14 août 2008
Sauce salade et terrasse parisienne
Coup de gueule du jour : la sauce salade en brasserie parisienne...
Calée en terrasse pour profiter du peu de soleil qu'il y avait au Père tranquille à Châtelet, je me suis vue servir une assiette pleine de sauce épa texture plâtre sur ma niçoise (à savoir qu'on ne voyait même pas la contenance de l'assiette sous la formidable coulée blanchâtre). Oui, bon, vous me direz qu'à Paris on mange plutôt des clubs ou bien des croques mais bon, la raison l'a emporté cette fois.
Alors pourquoi nous sert-on des sauces si lourdes et ingérables pour la digestion, là est la vraie question... Peu importe. Depuis, je me bagarre avec mon tube digestif pour essayer de passer à autre chose.
29 juin 2007
Le péril jaune dans nos palais
Disparition du bon nem...
Depuis quelques temps, nous avons été abreuvés de reportages décriant cette spécialité d'origine vietamienne qu'est le nem. Normal, on les voit partout : dans les restaurants chinois, japonais, laotiens... dans des restaurants, des petits boui-boui, des lieux de restauration rapide, des vendeurs sur les marchés... Finalement, à force d'en voir partout et nulle part des vraiment bons, on peut se demander de manière totalement légitime : "Qu'est-ce que le bon nem?"
(merci à www.culinotest.fr pour la photo)
Une recette ancestrale
On l'appelle également pâté ou rouleau impérial (à ne pas confondre avec le rouleau de printemps qui n'est pas frit et reste cru).

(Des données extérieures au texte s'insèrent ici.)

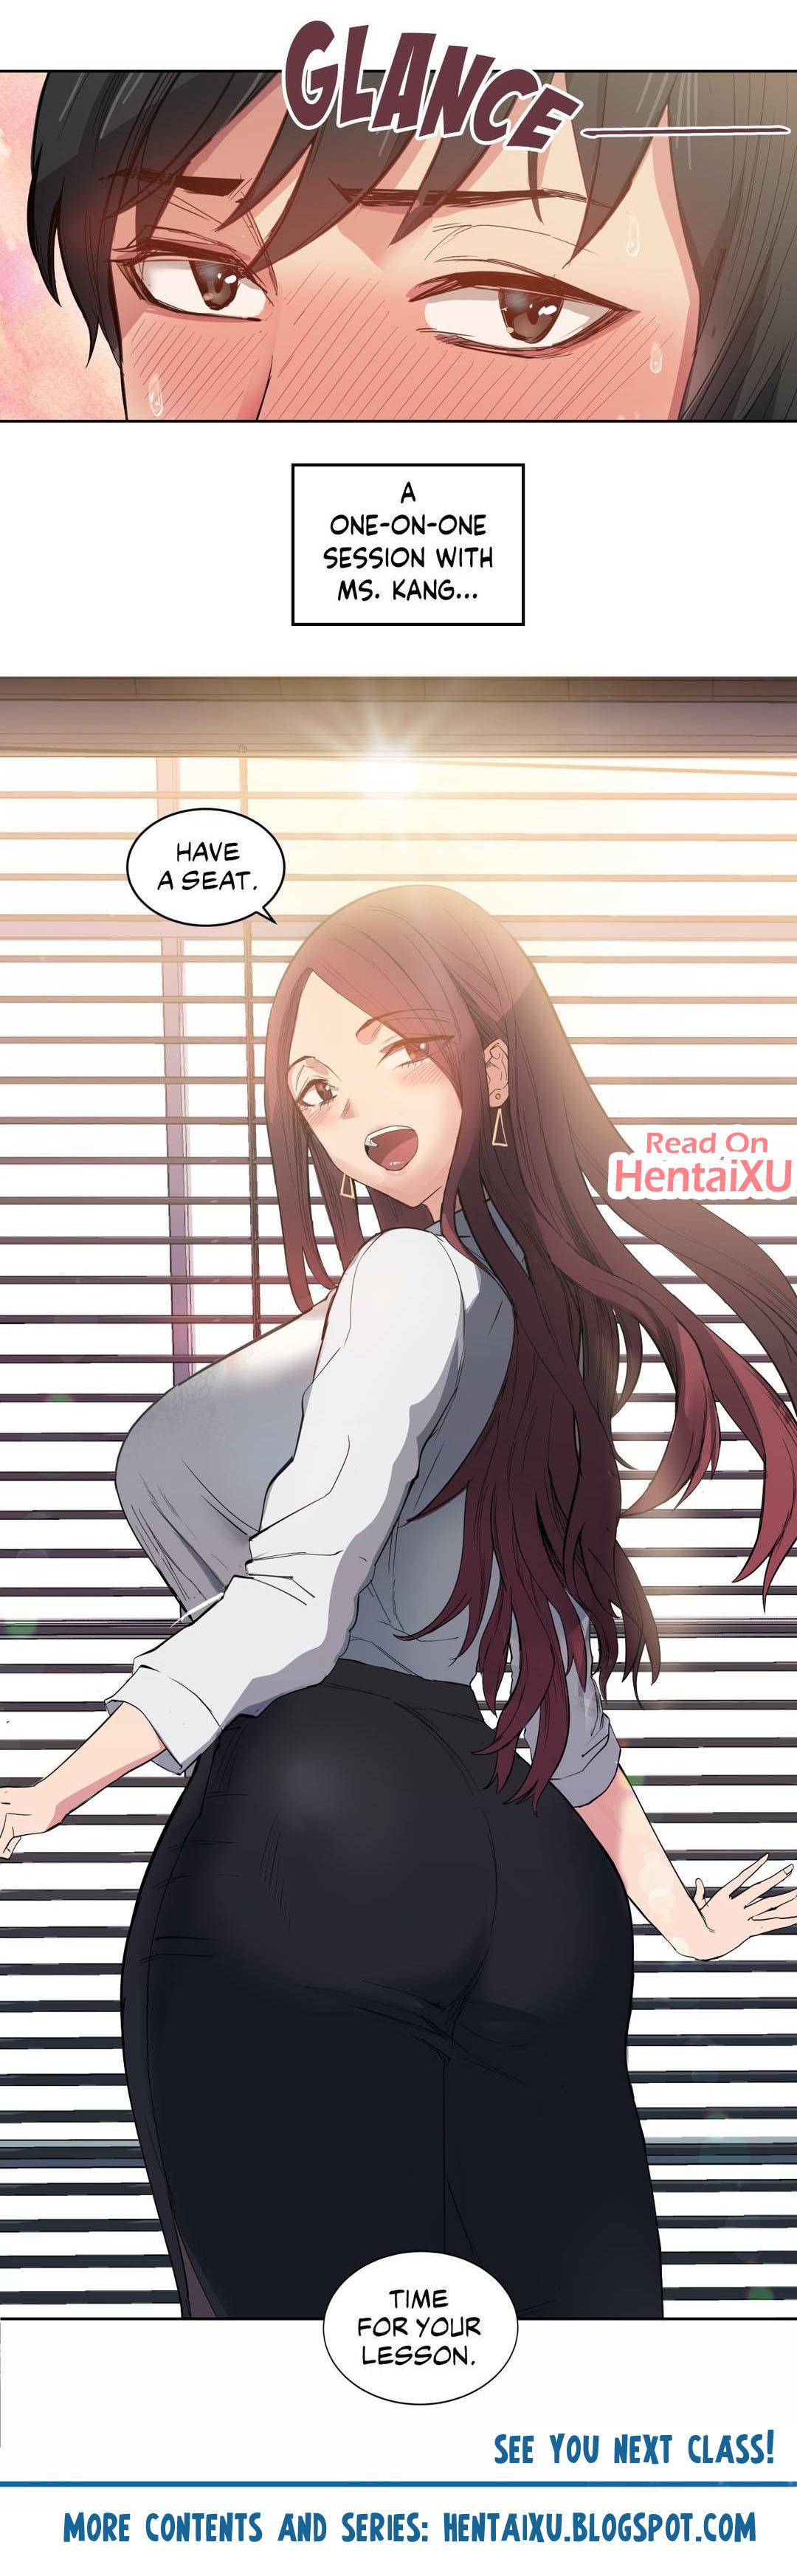 Porn manga in Busan you Anime Hentai

On peut le choisir au poulet, au porc, au crabe, aux crevettes... La véritable recette impériale du nem se fait avec des germes de soja exclusivement, la carotte étant un ajout récent... de quelques siècles. On le sert avec de larges feuilles de scarole bien fraîches, de la menthe ou bien de la coriandre.
Pourquoi on n'est pas content?
Chercher un restaurant où le nem est frais (pour dire qu'il ne date pas de la friture de quelques jours) relève du parcours du combattant. Il faut souvent se promener de longues heures pour trouver un nem convenable. Personnellement, citadine parisienne, je ne me régale pas souvent. Trop secs, souvent avec un arrière-goût un peu amer (due à la mauvaise huile, ce qui compromet d'ailleurs la digestion), trop mous, insipides... bref, toute une litanie de complaintes sont possibles autour de ce petit rouleau qui n'est plus synonyme de bonheur.
On aimerait pourtant se régaler de ces subtiles saveurs vietnamiennes et pourtant... Cette recette devenue aujourd'hui non pas ringarde mais synonyme de "prise de risque alimentaire de haut niveau" ne nous promet pas un moment de plaisir.
Richesse nutritionnelle contre peu d'émotions
Nous avons omis d'évoquer la composition, par ailleurs de cet aliment. Alors tant qu'à faire...
Composition pour 100 grammes (merci doctissimo) :
| Protéines | 9,5 g |
| Glucides | 5,8 g |
| Lipides | 22,8 g |
| Total énergétique | 266,6 Kcal |
que l'on comparera au hot-dog avec deux saucisses par exemple :
Composition pour 100 grammes :
| Protéines | 9,6 g |
| Glucides | 26,5 g |
| Lipides | 15,6 g |
| Total énergétique | 284,5 Kcal |
ATTENTION ! Le nem se cache aussi dans la fameuse recette du bo-bun alors si vous pensez manger léger, eh bien c'est plus que raté !
Moralité, s'il y en a une :
Je suis à la recherche de restaurants qui savent redonner le plaisir du vrai nem alors n'hésitez pas !!!